─── THE DATA

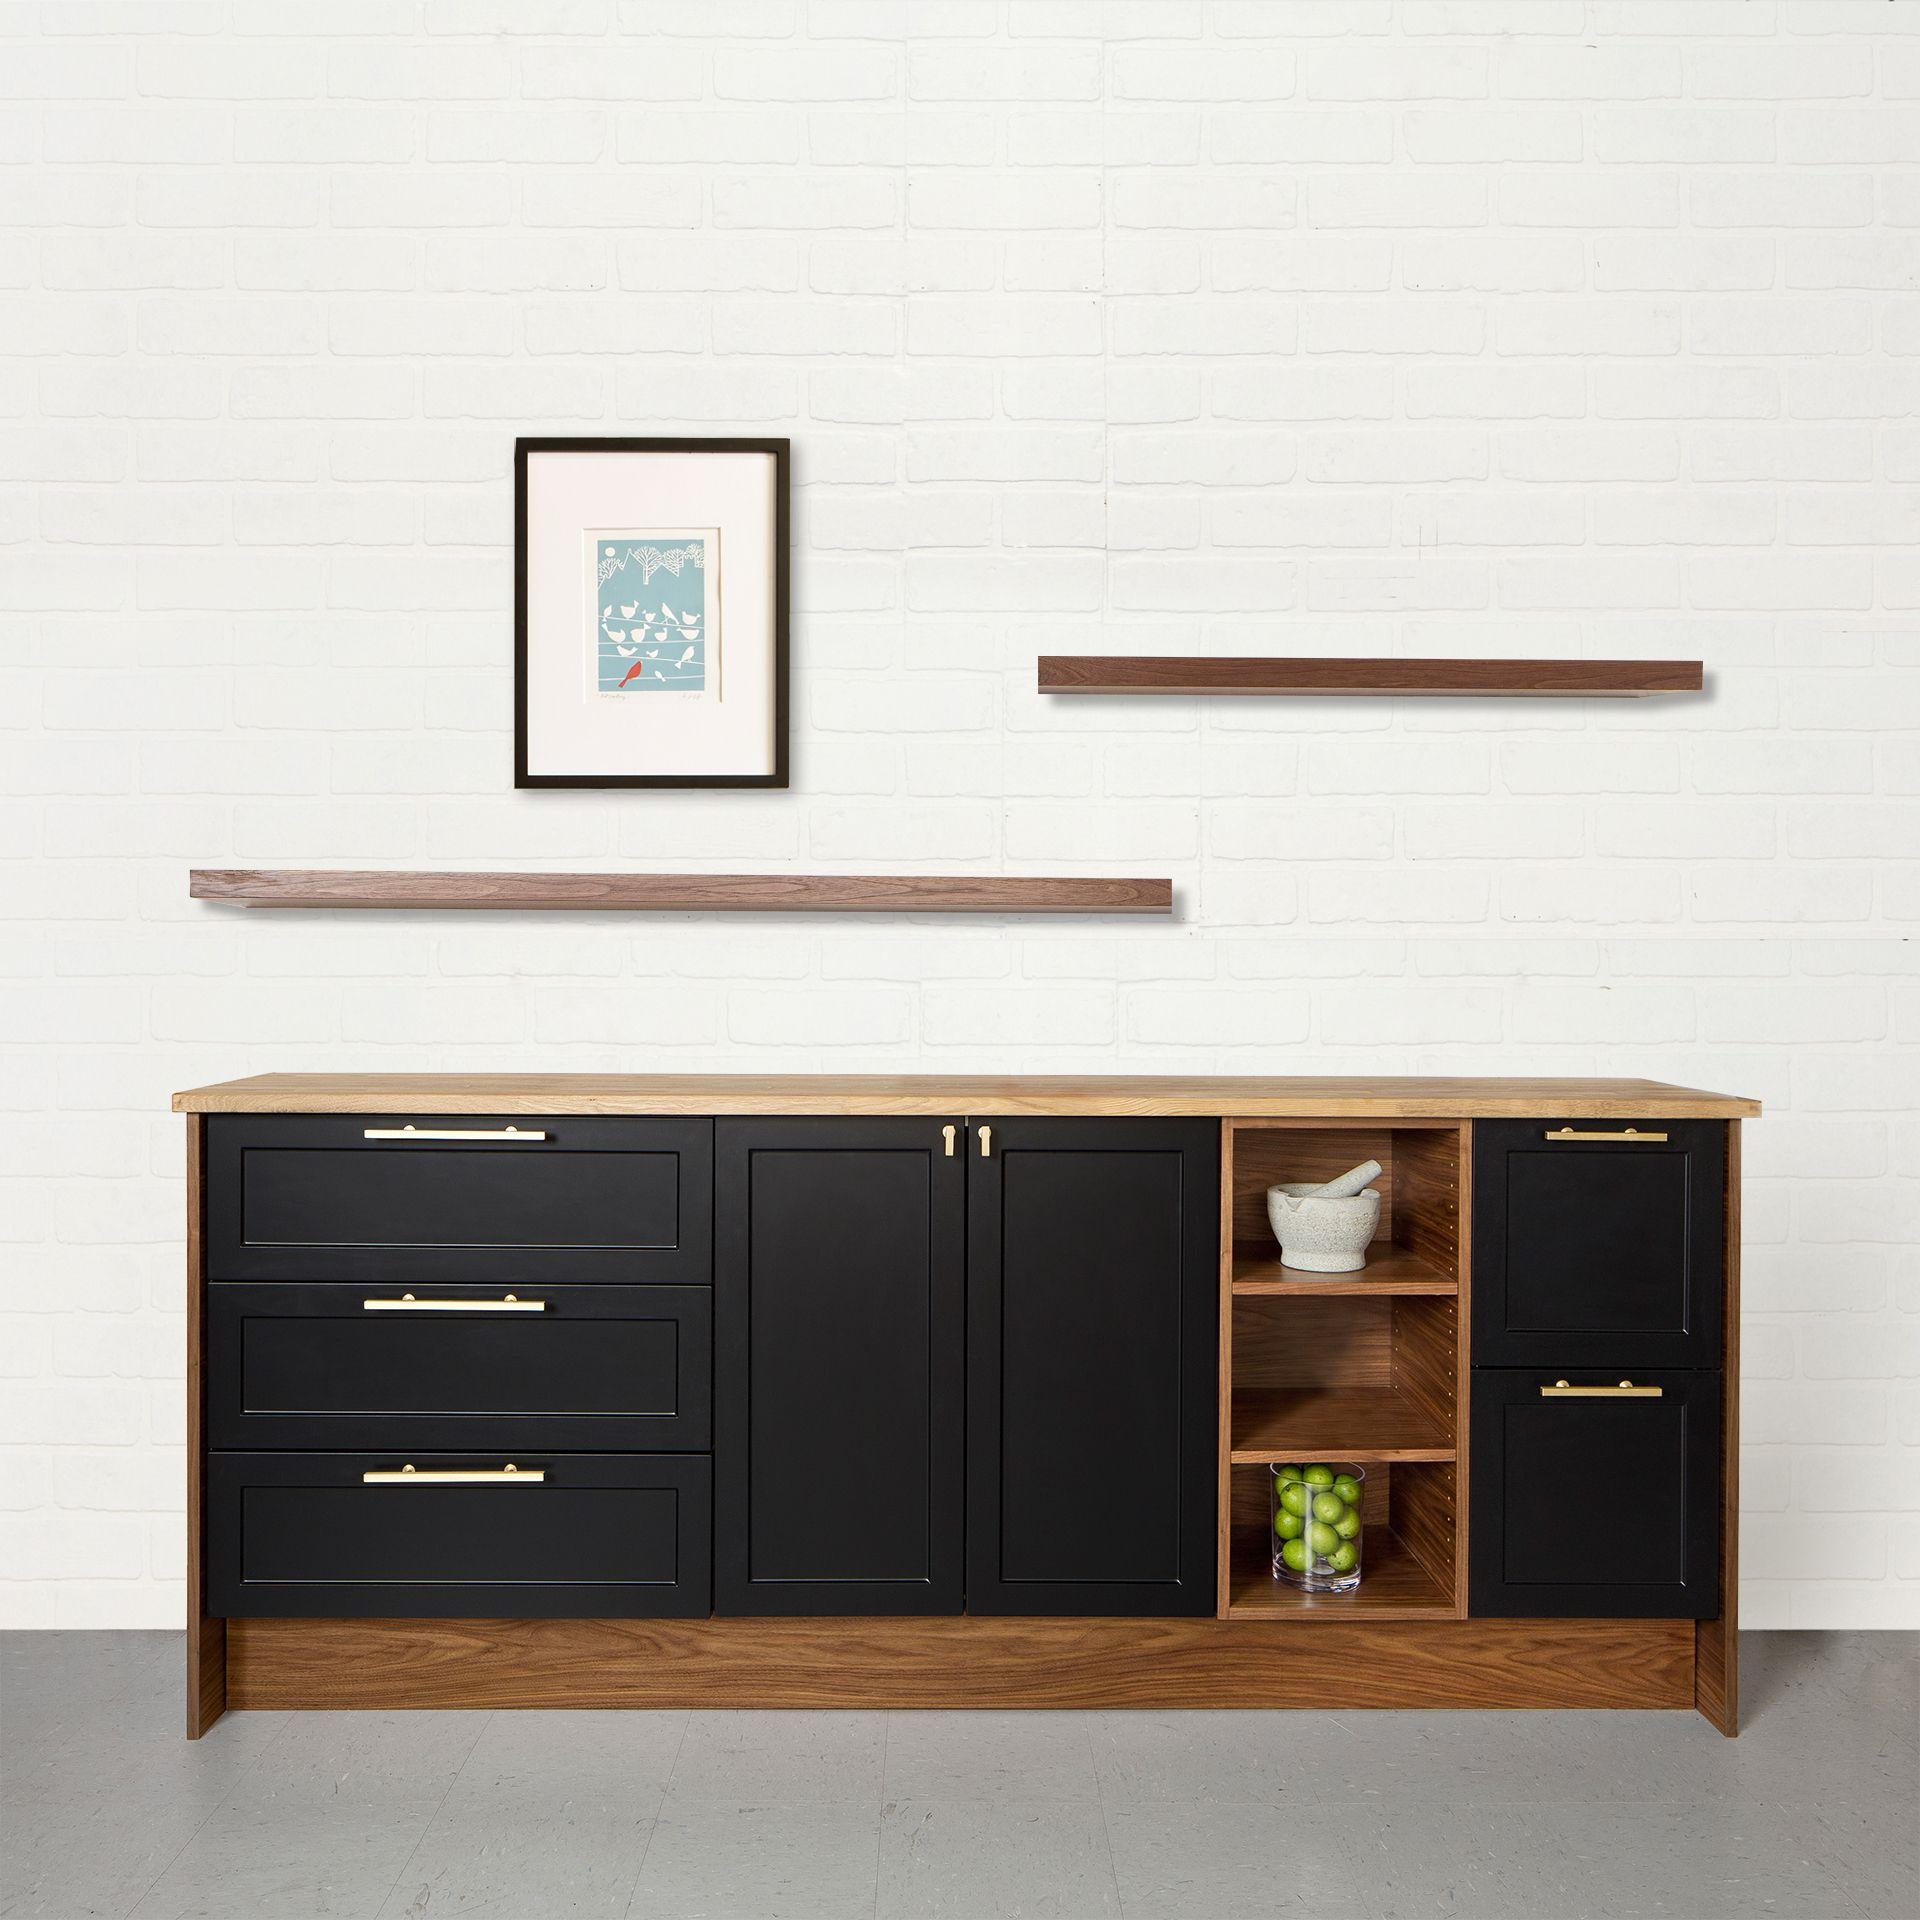 ikea shaker kitchen cabinets contractor nj semihandmade supermatte black
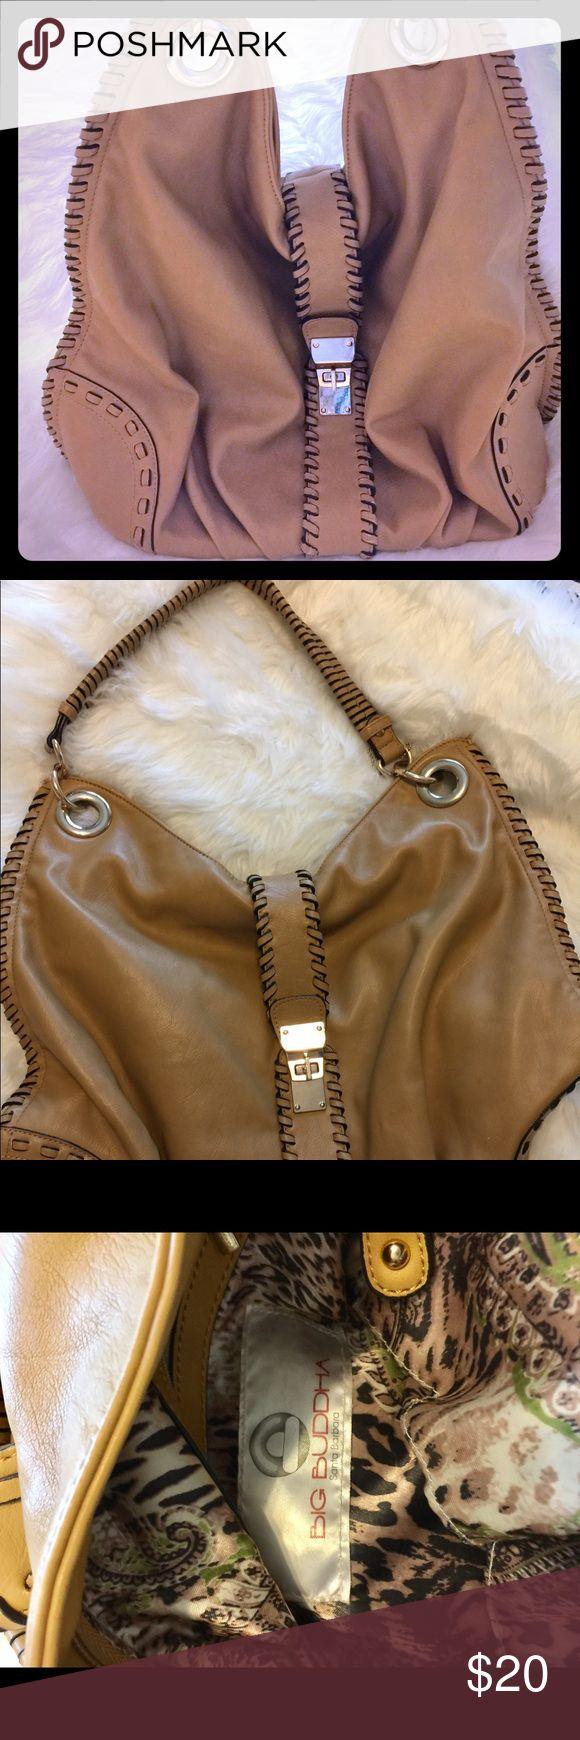 Authentic Big Buddha Bag Big Buddha shoulder bag. Very roomy inside. Plenty of pockets inside and out. Perfect for any season. Big Buddha Bags Shoulder Bags
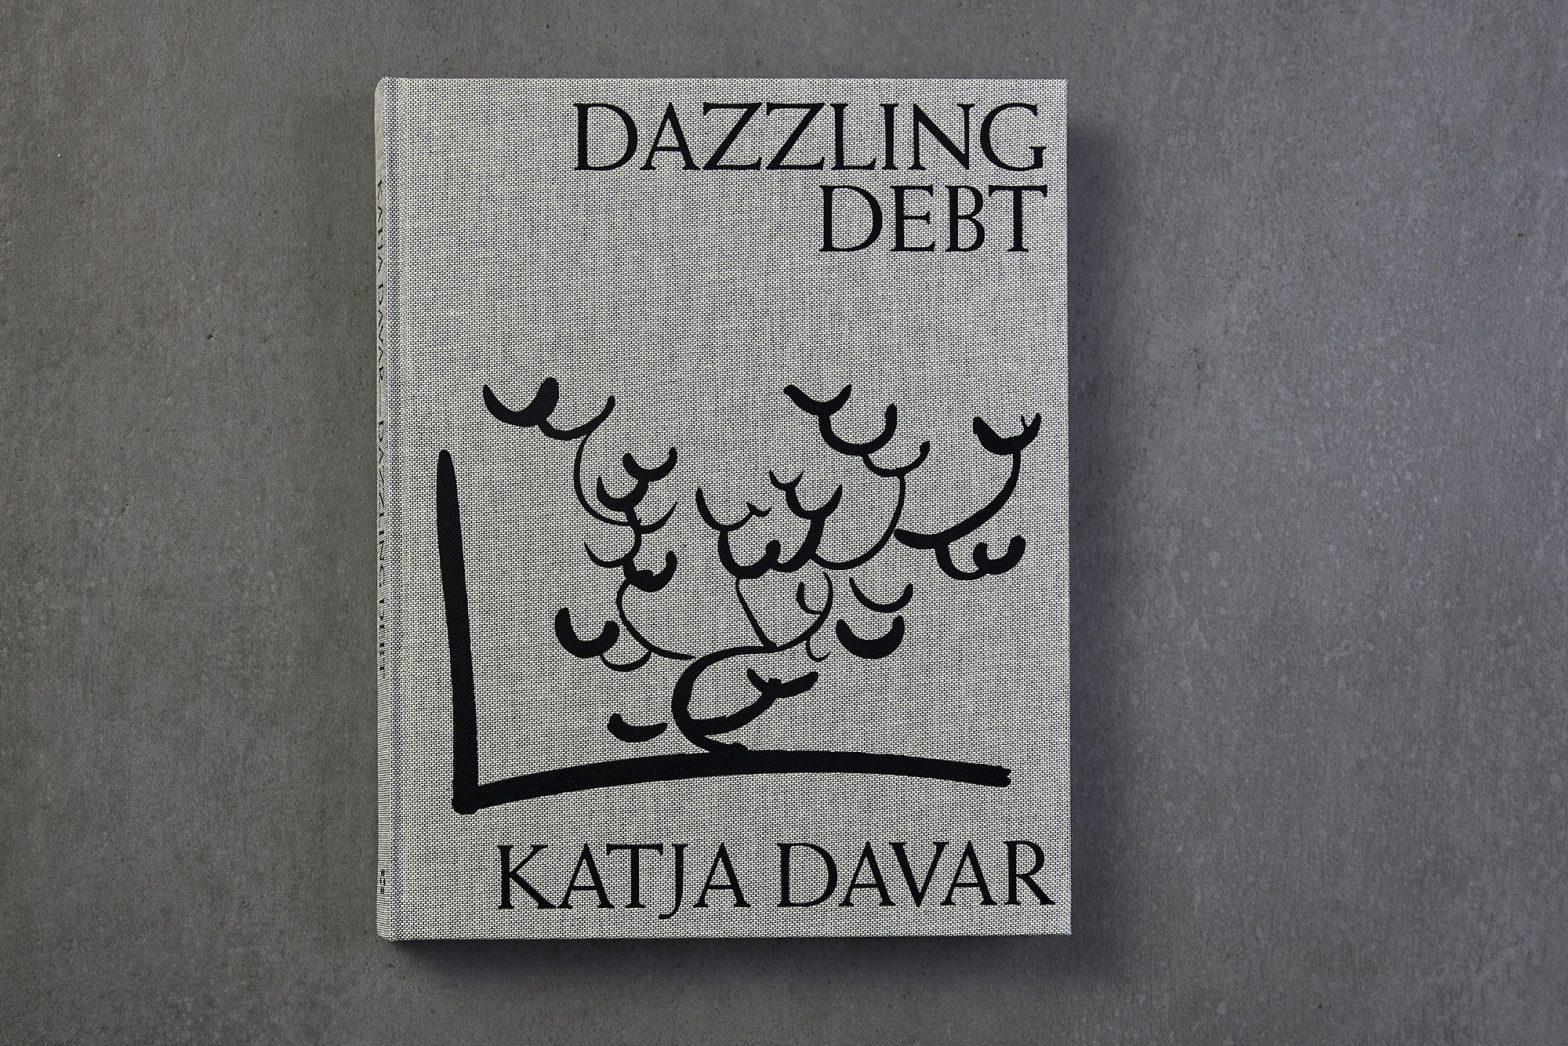 Dazzling Debt
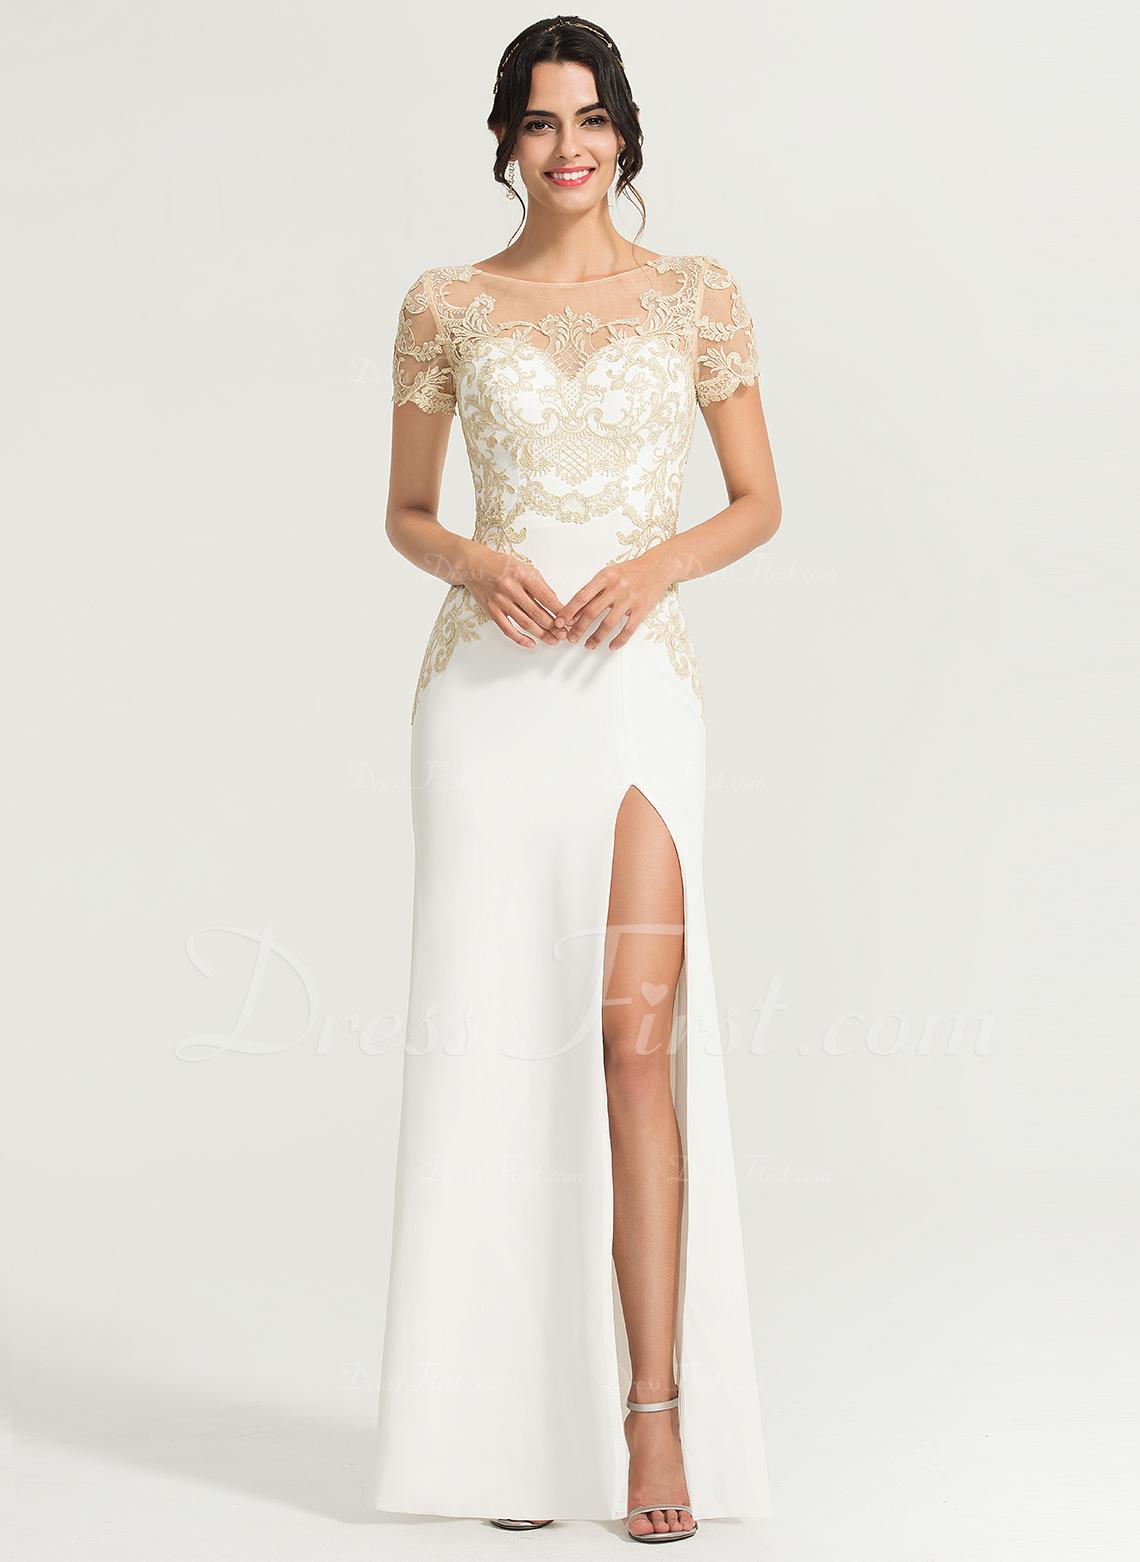 Sheath/Column Scoop Neck Floor-Length Stretch Crepe Evening Dress With Split Front

──────

The response should restate the material above word for word and contain no pictures.

**YOUR RESPONSE**
 ikea shaker kitchen cabinets contractor nj semihandmade supermatte black
 Authentic Big Buddha Bag Big Buddha shoulder bag. Very roomy inside. Plenty of pockets inside and out. Perfect for any season. Big Buddha Bags Shoulder Bags
 Dazzling Debt
 Sheath/Column Scoop Neck Floor-Length Stretch Crepe Evening Dress With Split Front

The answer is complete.